At the beginning of the 2020s, the idea of a Green New Deal spread around the world, including Europe. The Green Deal of the EU Commission was further developed into a real Green New Deal for Europe. In addition to the socio-ecological transformation of the economy and society in Europe, this was also able to strengthen international solidarity and cooperation in such a way that climate change, social division within and between countries, and the associated dismantling of democracy could be stopped.

Central to these changes was the democratization of the European Central Bank (ECB). The latter is now controlled by the European Parliament and was given the mandate to ensure full employment across Europe and a massive commitment against climate change. At the same time, the debt brake was abandoned. Government leaders no longer make decisions based on the availability of money, but according to the availability of  resources that can actually be used productively, be it labor, natural or mineral resources, as well as in terms of benefits to the common good and environmental sustainability.

Through the job guarantee with socially inclusive wages created in addition to the dividend model of the Green New Deal for Europe, which at the same time has also decisively raised the level of the minimum wage, all people can participate in the social and cultural life of their community and country as they wish.

In the following, we set out what the individual steps are that can actually lead us to such a future.

Introduction

“...We can - and we must, in order to survive - change and overcome the failed capitalist system in the next ten years, for it threatens to destroy the life-support systems of the earth and with them human civilization. We must replace this economic system with one that accepts barriers and boundaries, that preserves soils, groundwater, rain, ice, patterns of wind and water flow, pollinators, biological abundance and diversity, and that brings us social and economic justice. 

We supporters of the Green New Deal know we can do this in the ten years or so that UN scientists believe we have left.”

Ann Pettifor

The Green New Deal (GND) policy concept is not new. In content and policy direction, it has its antecedent in President Roosevelt’s “New Deal” in the first half of the 20th century in the United States. It was a large-scale, successful investment program to combat the economic consequences of the Great Depression, the accompanying unemployment and impoverishment, and massive ecological damage.

In the summer of 2007, the “Green New Deal Group” formed around British economist Ann Pettifor. This group of environmentalists and economists presented the British “Green New Deal” in 2008.

Ten years later, in the run-up to her candidacy for the U.S. House of Representatives, Alexandria Ocasio-Cortez’s team contacted the London-based think tank Policy Research in Macroeconomics (PRIME), for which Ann Pettifor works, and consultations ensued on how to deepen, sharpen, and ultimately fund Alexandria Ocasio-Cortez’s policy program. In 2018, the “Green New Deal for the U.S.” was unveiled, targeting three problems: the threats posed by the impacts of climate change, increasing poverty and inequality, and the social divide between people of different colors. The central element of the U.S. “Green New Deal” is the guarantee that all unemployed Americans will be offered a job at building an energy-efficient infrastructure. Alexandria Ocasio-Cortez received strong support from, among others, Senator Bernie Sanders and the Canadian environmental activist and author Naomi Klein.

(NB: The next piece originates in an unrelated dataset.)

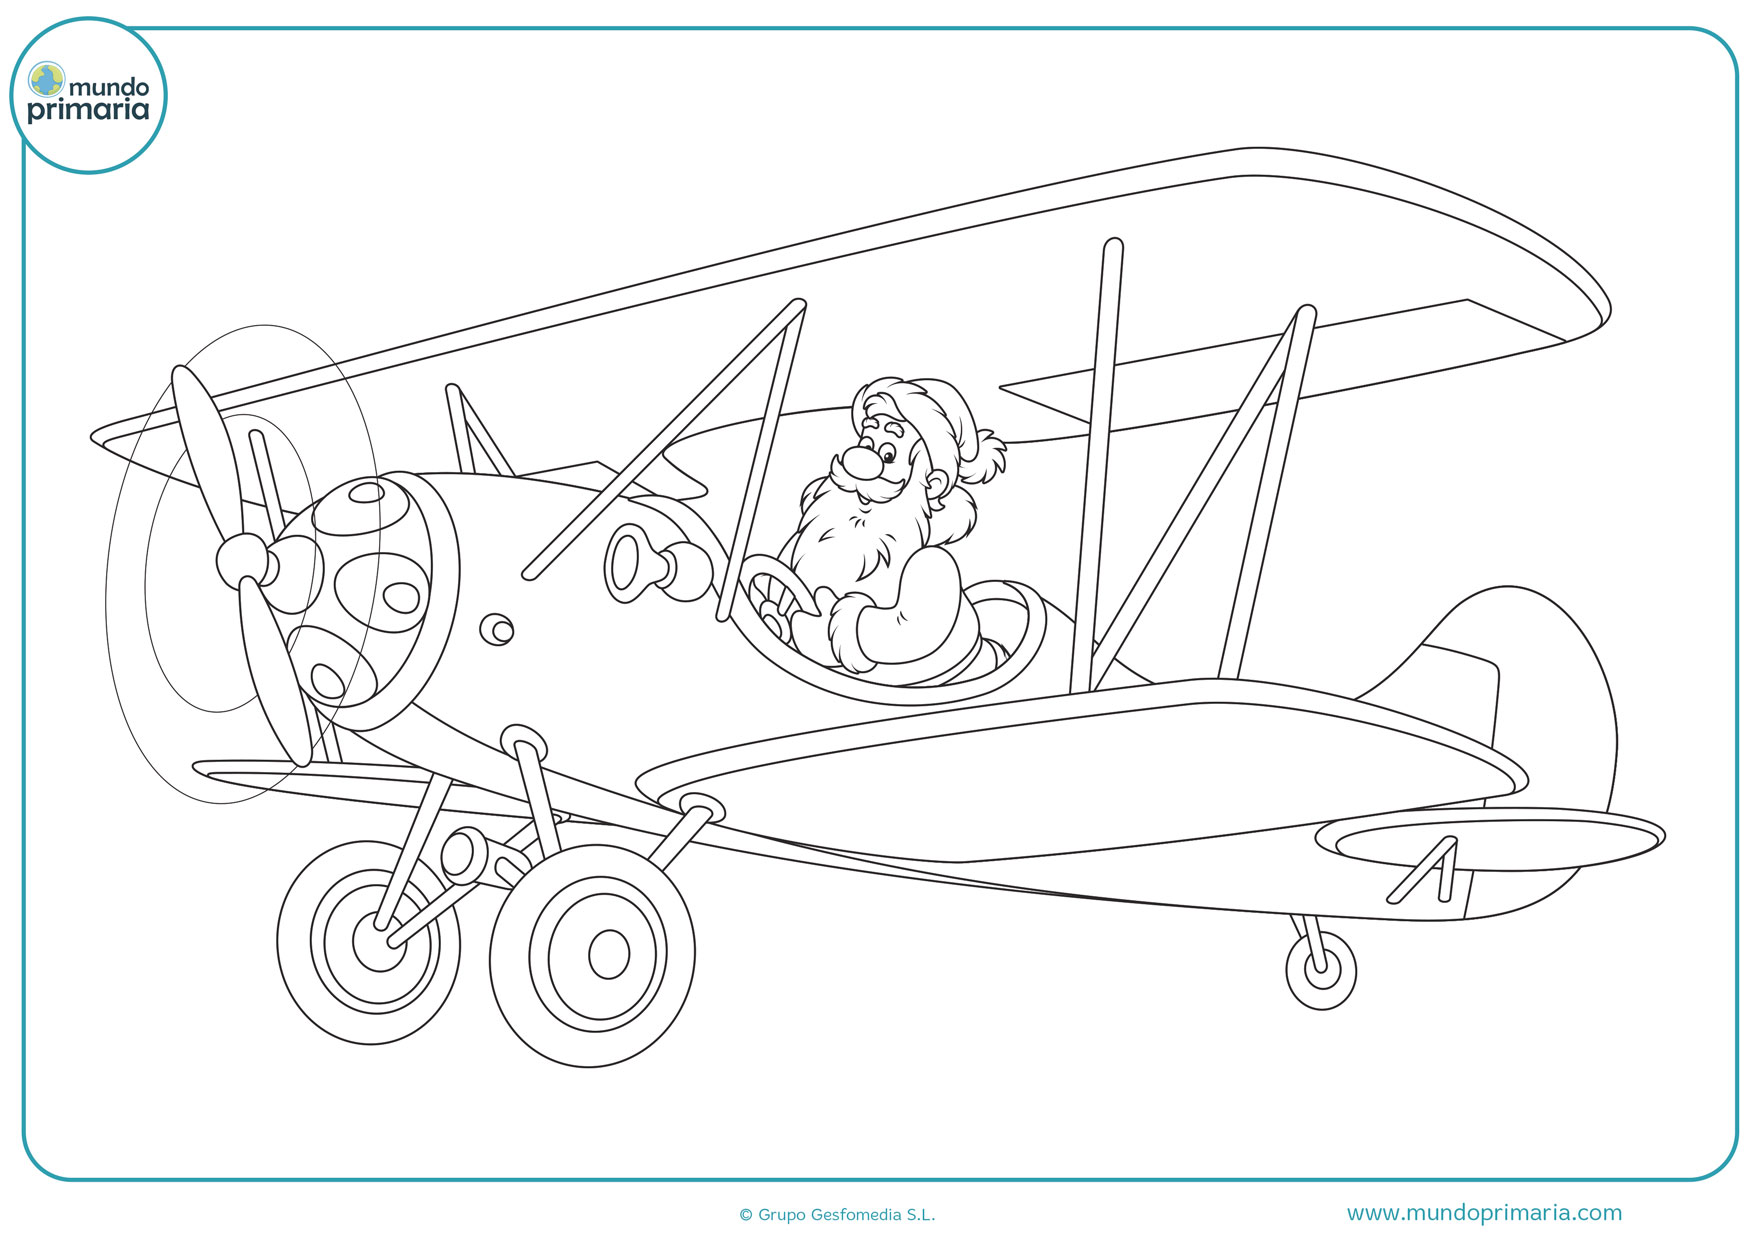 dibujos para colorear e imprimir de aviones de disney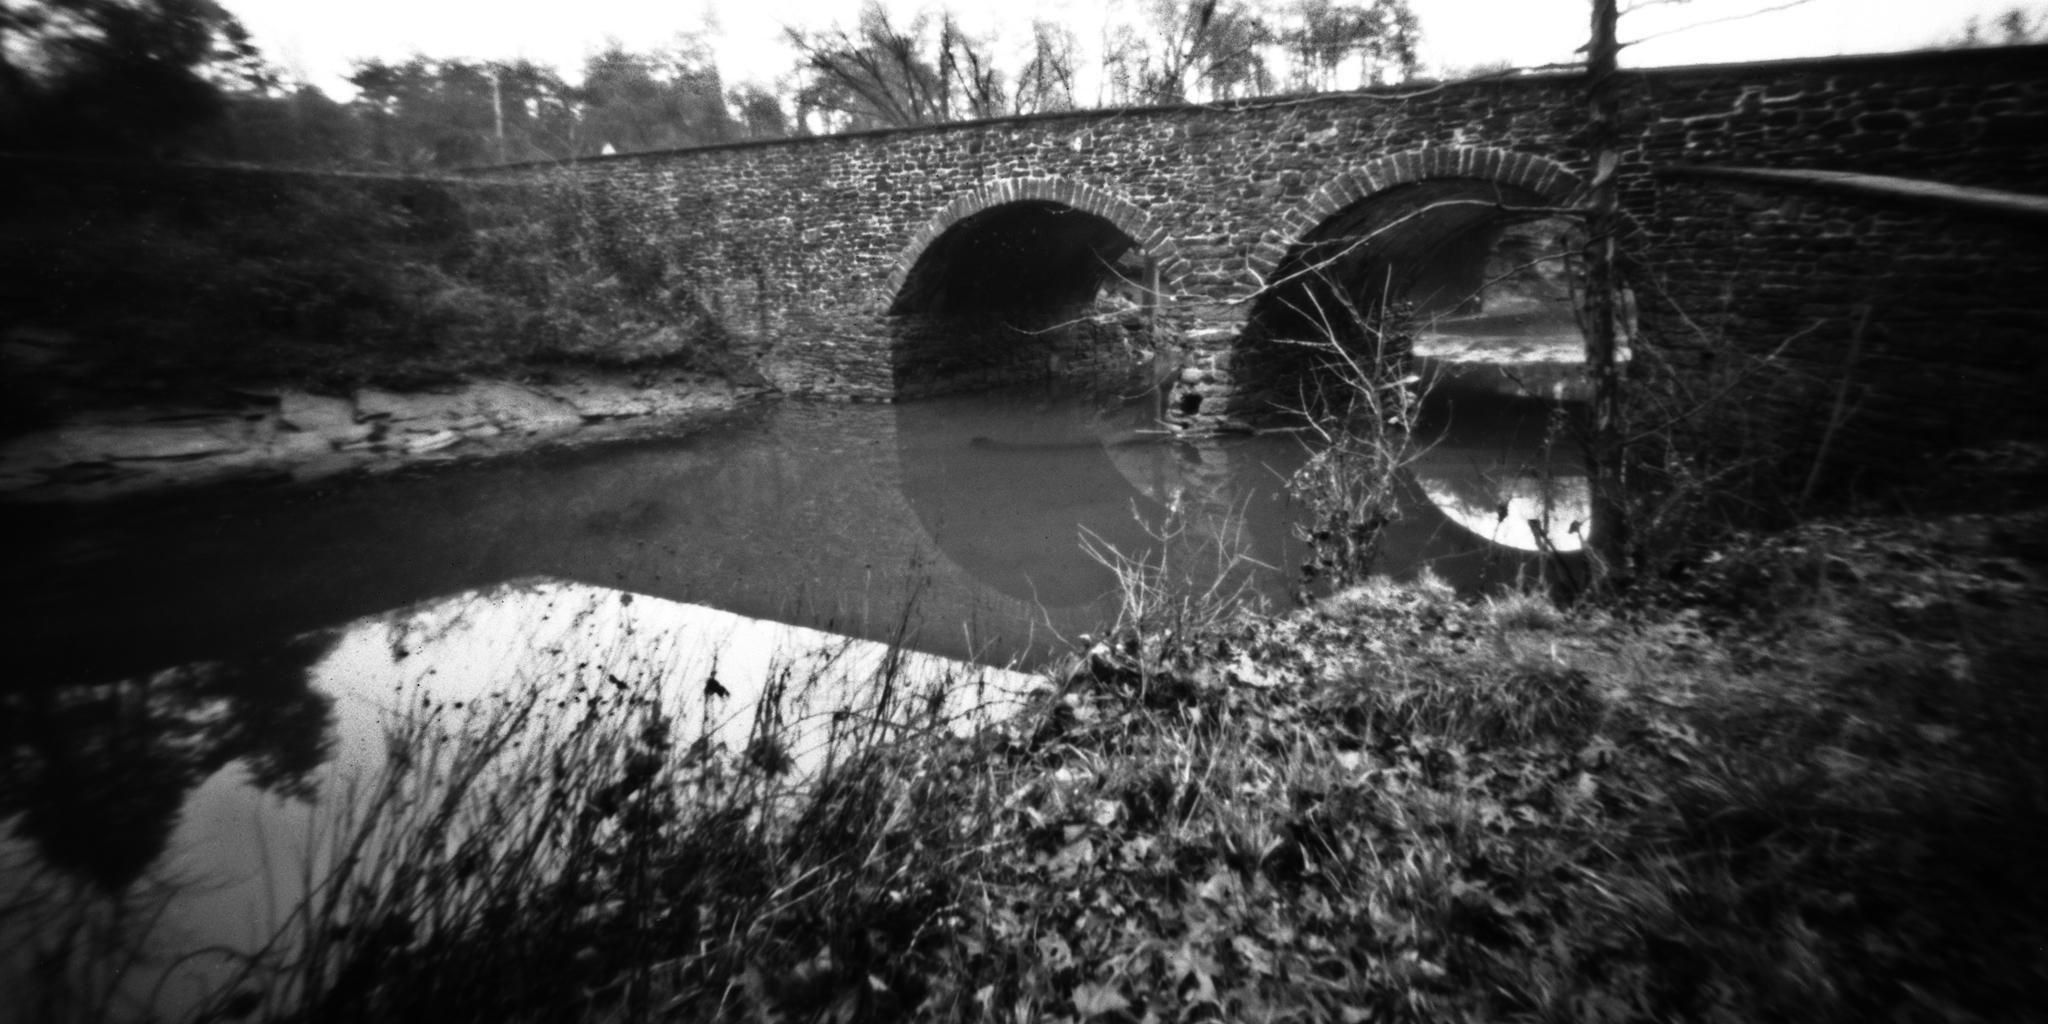 Stone bridge over Bull Run on the Manassas National Battlefield. Manassas, Virginia. Santa Barbara Pinhole Co 75mm 4x5.

At this time, work also began – in a pan-European coalition together with the “Green New Deal Group” – on a similar report, a roadmap for Europe’s socio-ecological turnaround. This “Green New Deal for Europe” was developed by DiEM25 (Democracy in Europe Movement 2025) with dozens of economists, climate scientists, and activists and published in 2019. The German version of the report has been available since spring 2020.

The roadmap for Europe's socio-ecological turnaround

Lately, the pandemic has stripped away the ideology of neoliberalism, in particular with the doctrine of austerity policies and the imperative of balanced state budgets (even worse the “black zero”). It has become abundantly clear that states do have enormous financial power and can spend a great deal of money. This power of politics, as well as its possibilities to finance the necessary social-ecological turnaround, must be used.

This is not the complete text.